First off, almost no one follows company guidelines to the letter and the only people who fetishize them are overpaid executive do-nothings whose time is spent dreaming them up and perhaps a few overzealous cultist true believers in retail management. The only other employees that blindly adhere to them are the natural slaves of retail who never question anything and are easily exploited like pawns.
What mystery shoppers and their nefarious puppeteers do not realize, is that they are not entitled to what they have decreed as the ideal shopping experience. Why? Since they are not genuine customers, mystery shoppers do not deserve to be treated like them. By misleading the employee as to their intentions and ultimately wasting everyone’s time, the mystery shopper is not acting in good faith. If the company demands employees that employees make genuine personal connections with shoppers (a demand which is inherently oxymoronic in itself,) this is not possible with the mystery shopper, because everything about the mystery shopper’s interactions is phony. The entire premise they present for their visit is a facade. They are there to spy on you, to trick you, to watch you, and ultimately to catch you in violation of some sacred creedo on a technicality.

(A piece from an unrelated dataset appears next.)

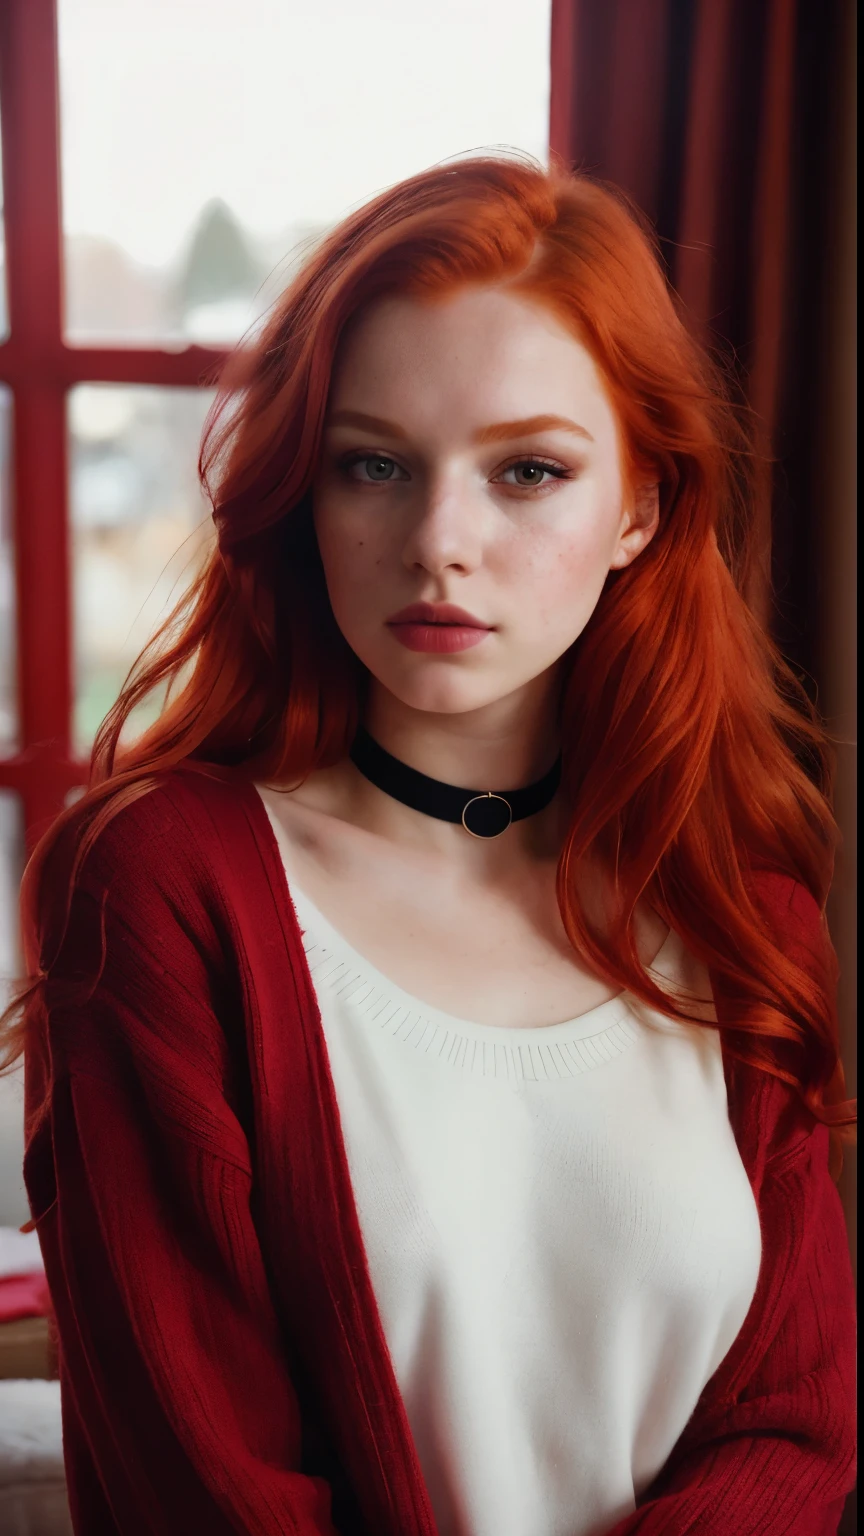 原始照片, (18yo 紅色的head girl:1.2), 化妝品, 圖形眼線筆, 胭脂, (項圈:0.9), 逼真的皮膚紋理, 超大號針織毛衣, (紅色的:0.8), 软色情, 溫暖的燈光, 舒適的氛圍, Instagram 風格

An employee can often sense when someone is not genuinely interested and there are all kinds of reasons why they will be inclined to be less helpful. The mystery shopper may have a resting bitch face. They may appear like too much of a busybody. It may creepily show in their eyes that they are sizing the employee up and judging their every move. Truth be told, there are plenty of shoppers which give off such an annoying vibe, that an employee will prefer the customer would just go away, concluding that the person’s business just may not be worth the potential hassle of future customer service issues, inevitable returned merchandise, arguments over warranty, etc.
The worst part about being preyed upon by a mystery shopper though, is the lack of recourse. The employee has no opportunity to face his/her accuser and refute the mystery shopper’s claims. The report is filed, and management accepts the account provided by the mystery shopper uncritically. It doesn’t matter if the mystery shopper was grossly exaggerating, failed to take into consideration possible context or misperceived the entire course of events.
In conclusion, mystery shoppers are among the lowest forms of humanity, right down there with people who eat chips loudly in public places. Employees do not owe them anything but scorn. Retail employees have enough to juggle with in the form of genuinely shitty and irritating customers: middle-aged women that ask to speak to the manager, aging suburban wiggers attempting to shoplift, fat white men with neck tattoos and Star Wars t-shirts that talk shit because they don’t understand purchasing etiquette in the 21st century. The last thing the retail employee needs is a fake customer, whose sole purpose is to tattletale and document behaviors from the perspective of those with dubious motives and a limited understanding of the situation on the ground.